Your reply should reproduce each line below exactly and carry none of the pictures.

> **WORKING DATA**:
========

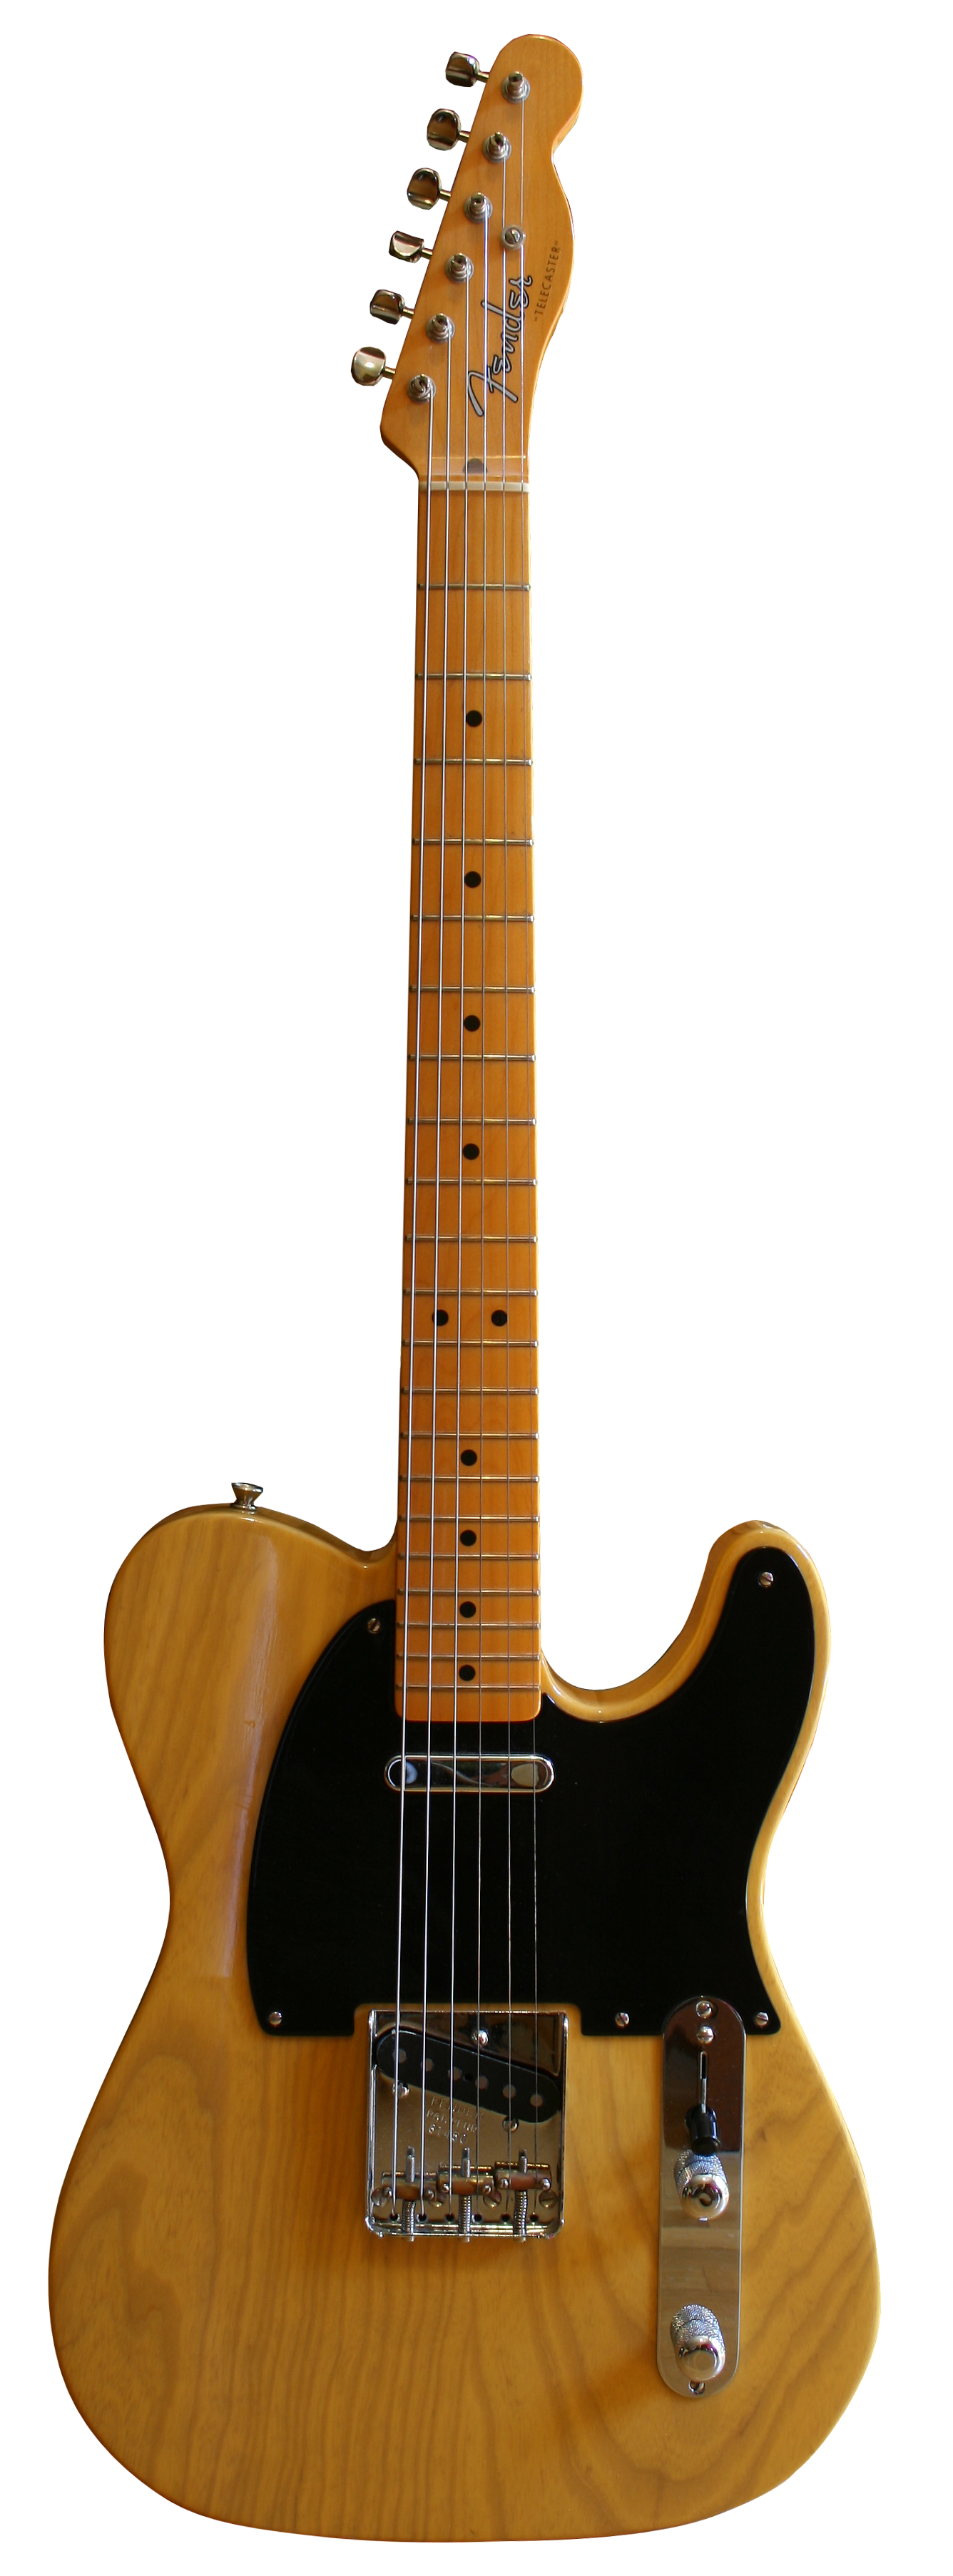 File:Fender Telecaster Americ
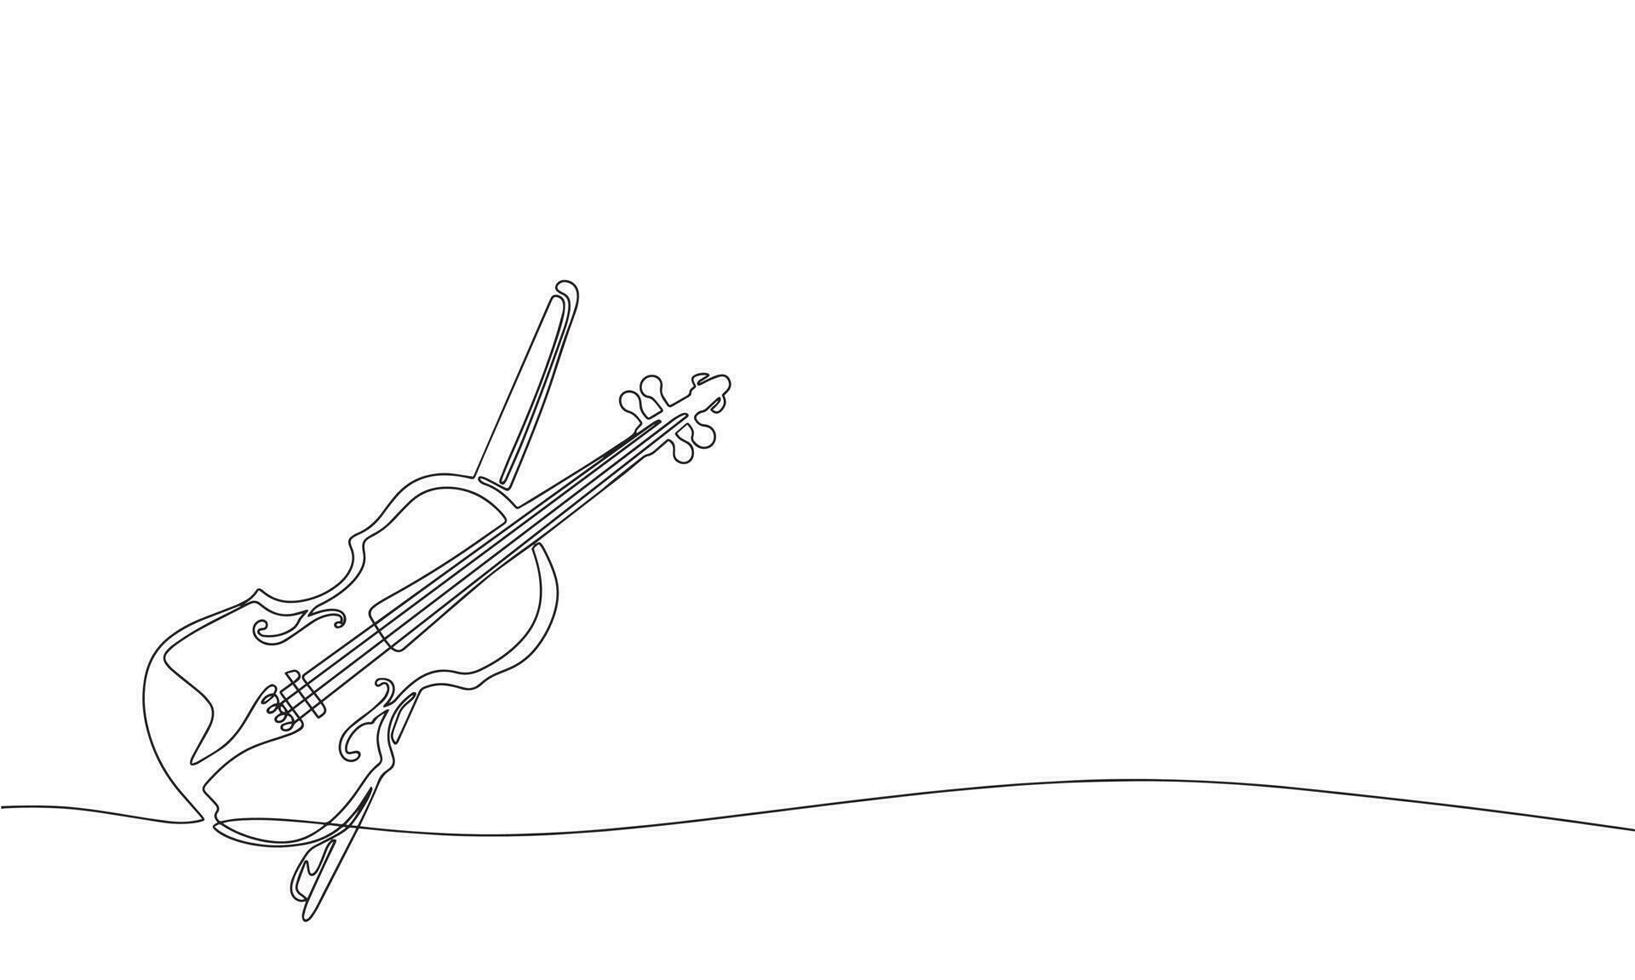 violon et arc. un ligne continu abstrait conception de musical instrument. ligne art, contour, silhouette, vecteur illustration.
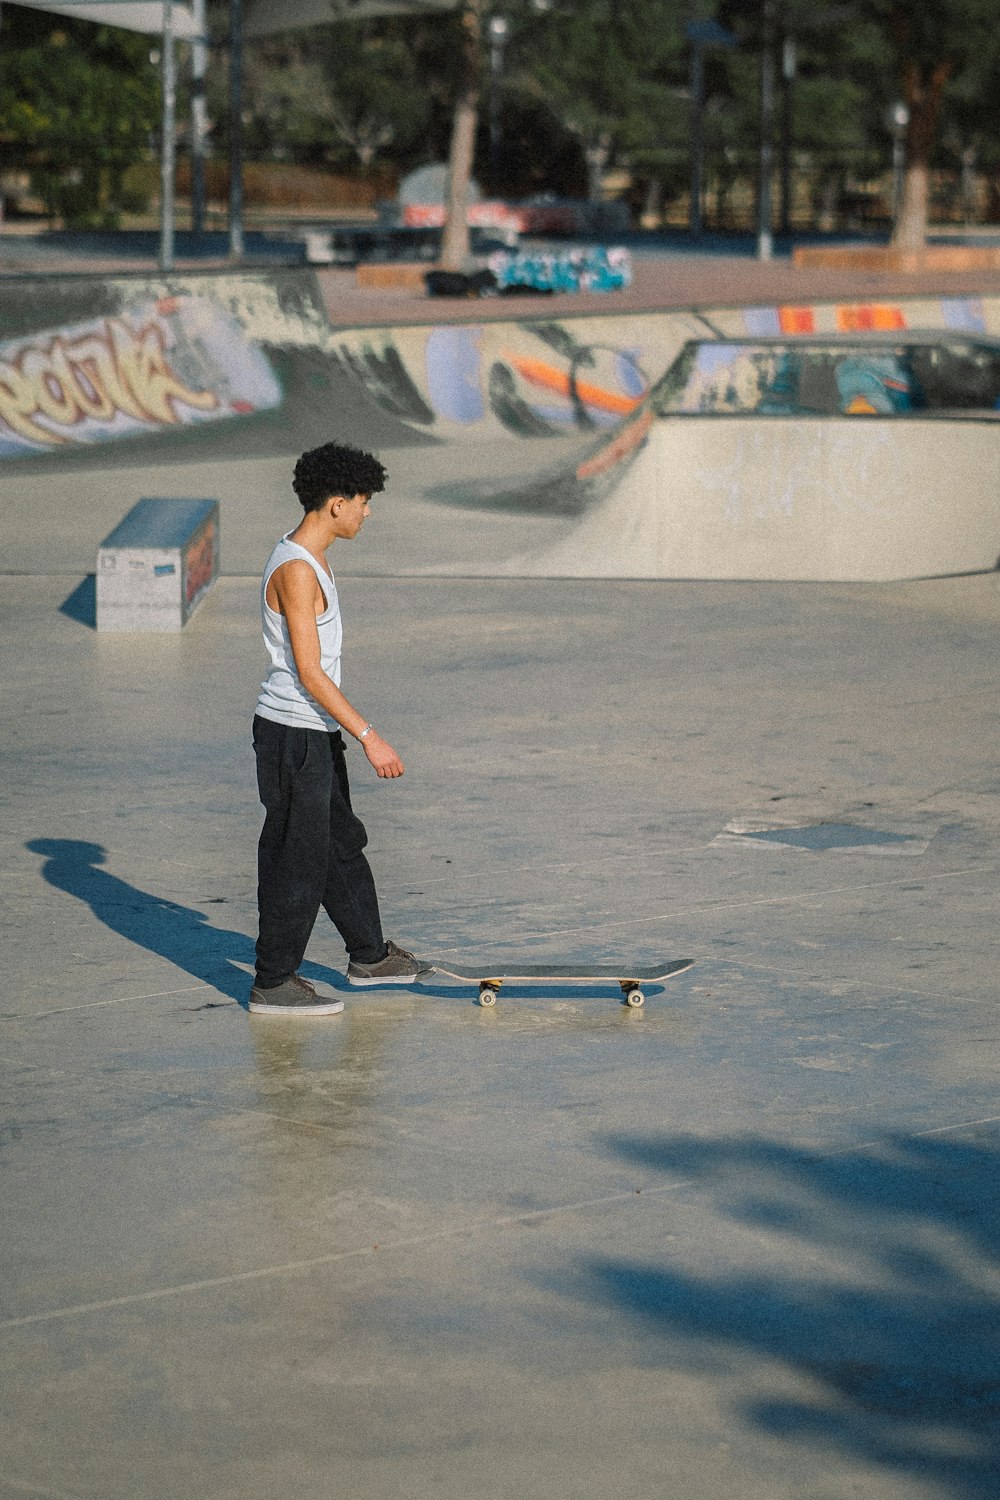 a young boy riding a skateboard at a skate park
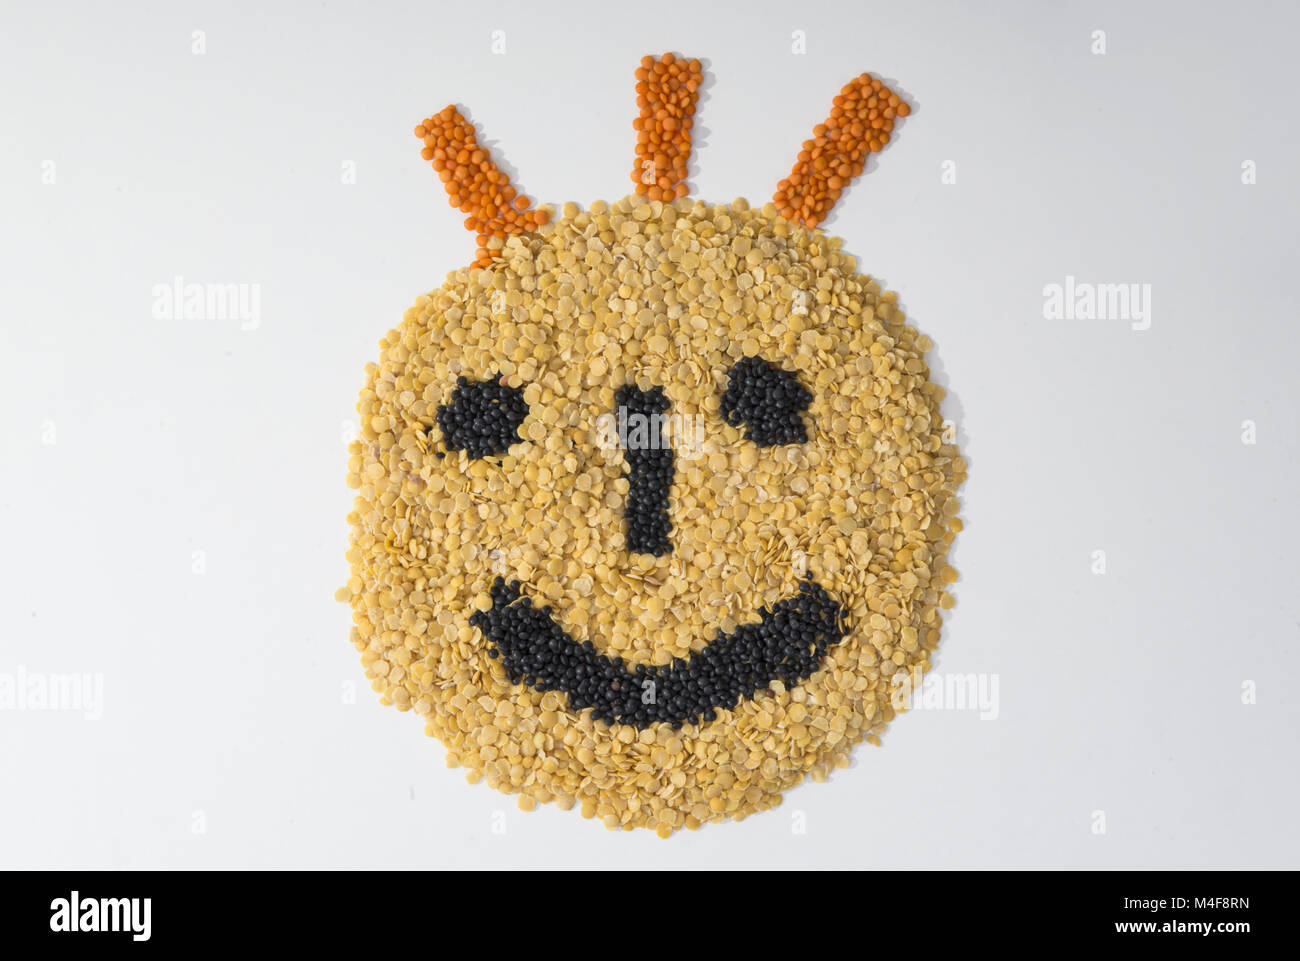 Smiley lentils Stock Photo
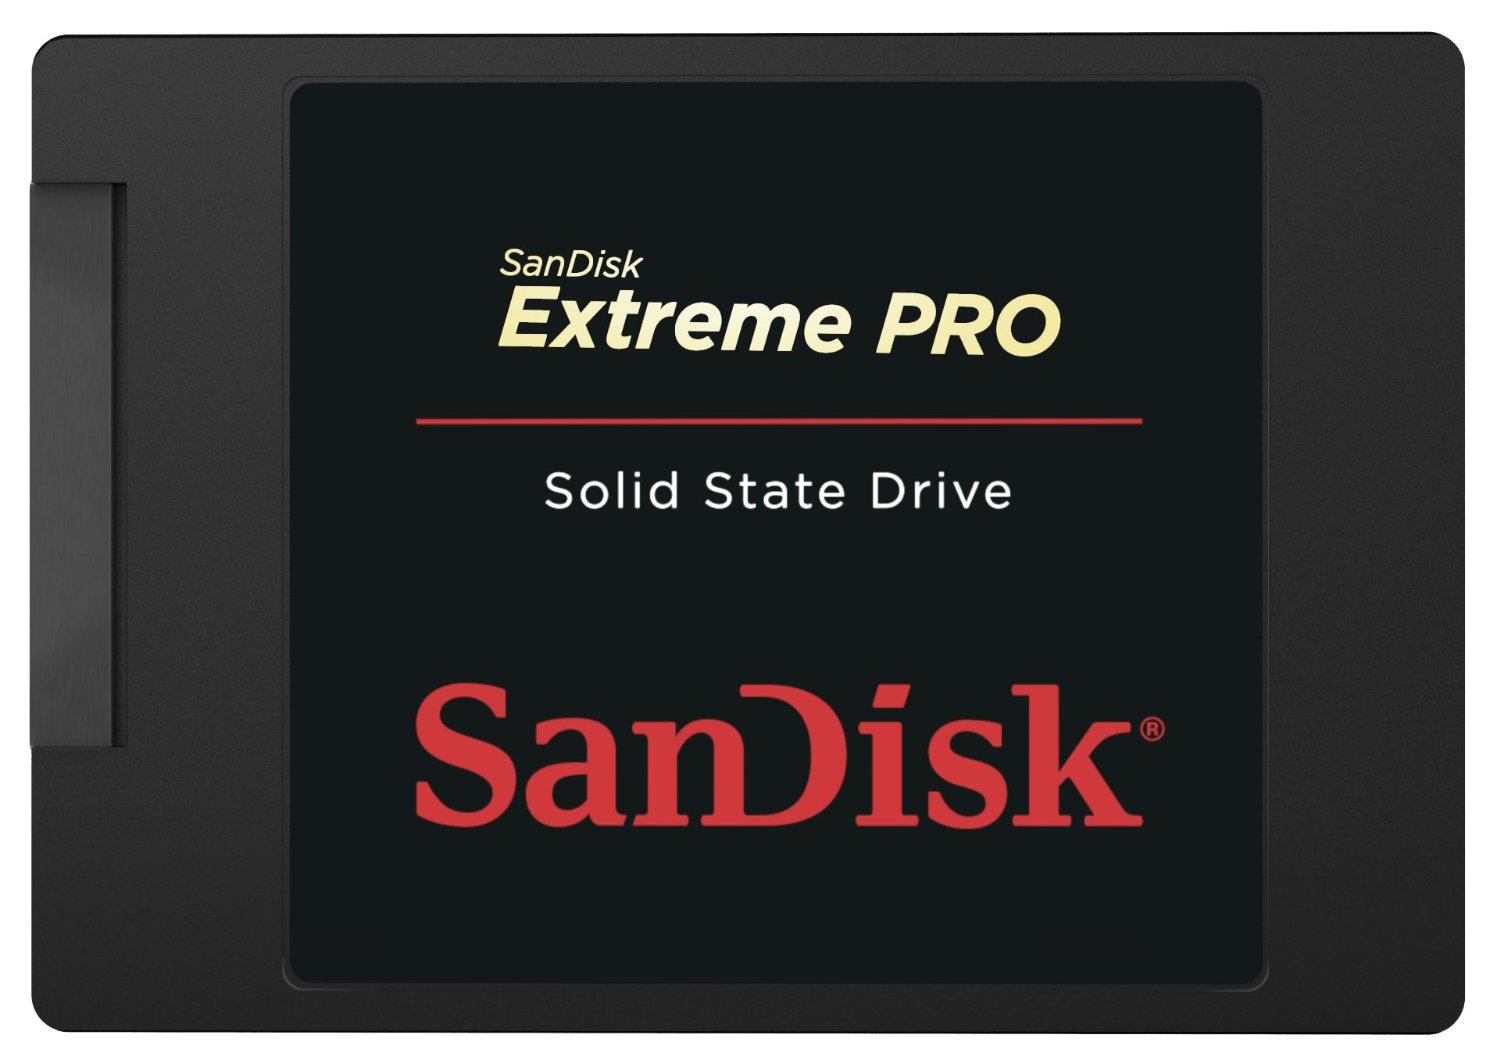 Bild zu Bis 15 Uhr: 480 GB SSD SanDisk Extreme Pro SSD für 169,90€ inkl. Versand

========

> **TASK SOLUTION**:
 File:Fender Telecaster Americ
 violon et arc. un ligne continu abstrait conception de musical instrument. ligne art, contour, silhouette, vecteur illustration.
 a young boy riding a skateboard at a skate park
 Smiley lentils Stock Photo
 Bild zu Bis 15 Uhr: 480 GB SSD SanDisk Extreme Pro SSD für 169,90€ inkl. Versand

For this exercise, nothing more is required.